Hence, a 50 year old person is expected to have a wealth of \$311,540.9

c) The coefficient of determination is also known as R2 and indicates the proportion of variance in the dependent variable (y) that can be explained through independent variable (x). Hence, the amount of change in y that can be attributed to x is coefficient of determination. The value varies from 0 to 1 and higher value indicates a good fit as large proportion of change is being explained by the dependent variable. In this case, R2 is 0.91146 or91.146% of change in y can be explained by variable x. This means that the model is a good fit as a very large proportion of variance in wealth is attributed to the dependent variable, age.

d)

i) Hypothesis:

H0: There is no relationship between x and y (slope β = 0)

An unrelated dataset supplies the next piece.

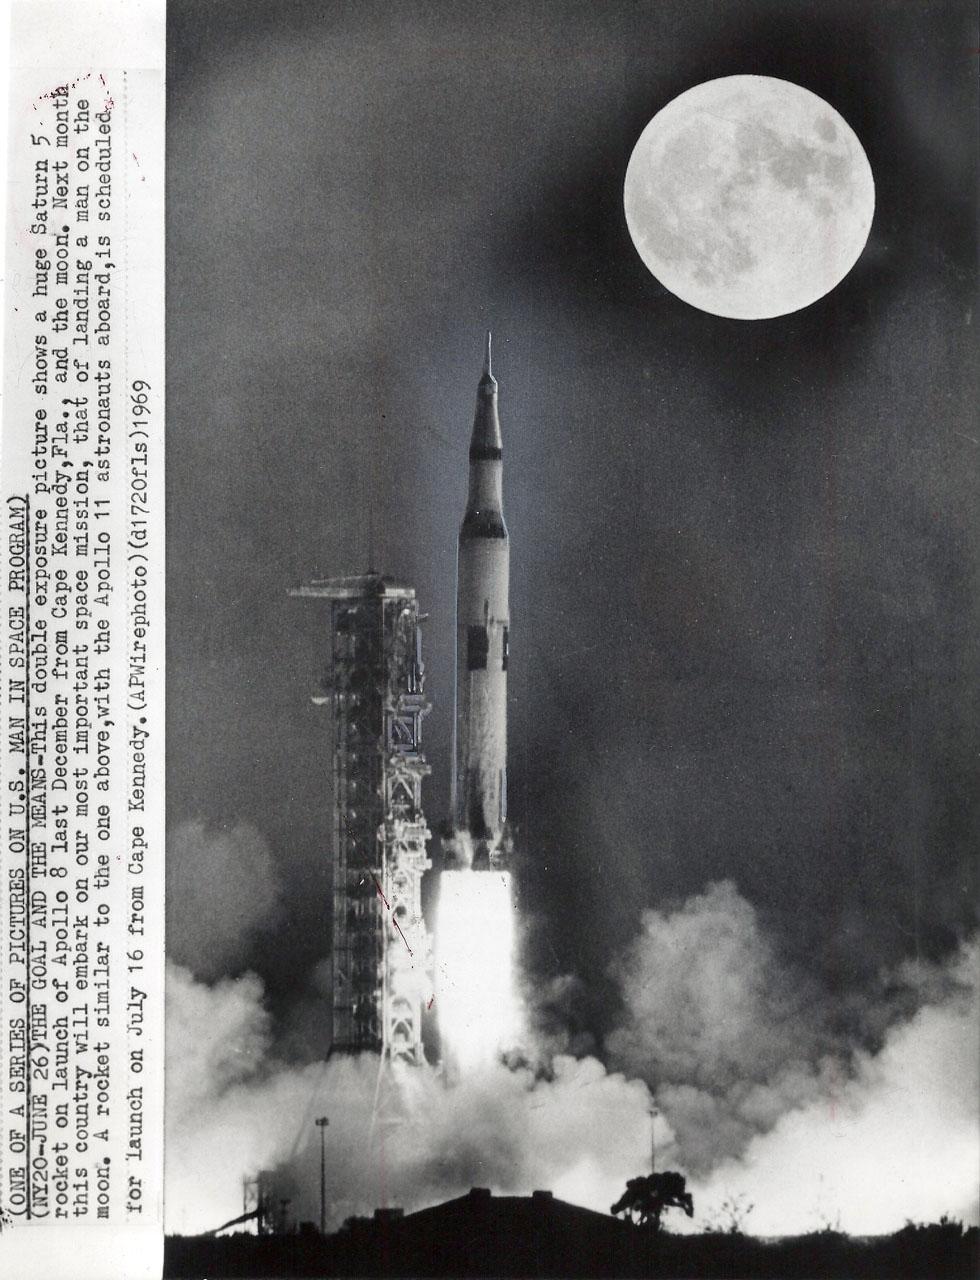 Signed Covers: USA 1968 Apollo 8

H1: There is some relationship between x and y (slope  β > 0)

ii) t score = (β-0)/SE

iii) The level of significance is 0.1 as given.

iv) If p-value is less than the significance level of 0.1, it indicates that the model is a good fit.

v) z score = (β-0)/SE

= 5.3265-0/0.6777

t score = 7.8597

df = n-1 = 8-1 = 7

Corresponding p-value at df=7 is 0.000051

vi)Since p-value 0.000051 is less than the assumed significance level of α=0.1, we can reject the null hypothesis. Hence, we can conclude that the slope of the regression line is greater than 0 or, there is a positive linear relationship between the variables y and x.

Week 11 Q3)

a) y = 0.0136 + 0.7992 x1 + 0.2280 x2 -0.5796 x3

b)Coefficient of determination R2 = 1-(SSres/SStot)

= 1 – (2.6218/(2.6218+45.9634)

= 1- 0.053963

R= 0.946037

c. Regression df = 3

Error df = 11

Total df = 14

n = 15

SSR = 45.9634

SSE = 2.6218

MSE = SSE/error df = 2.6218/11 = 0.238345

MSR = SSR/regression df = 45.9634/3 = 15.32113

F-ratio = MSR/MSE = 64.28121

Significance F is 0.00000029

At sig level of 0.05, significance F is lower than 0.05 indicating that y is significantly related to the independent variables.

d)

t-stat = Coefficient/SE

The corresponding p-value has been calculated at significance level of 0.05 and a two tailed test was used with df = 14

p-value of 0.5388 > significance level of 0.05 indicating that y is not significantly related to x3.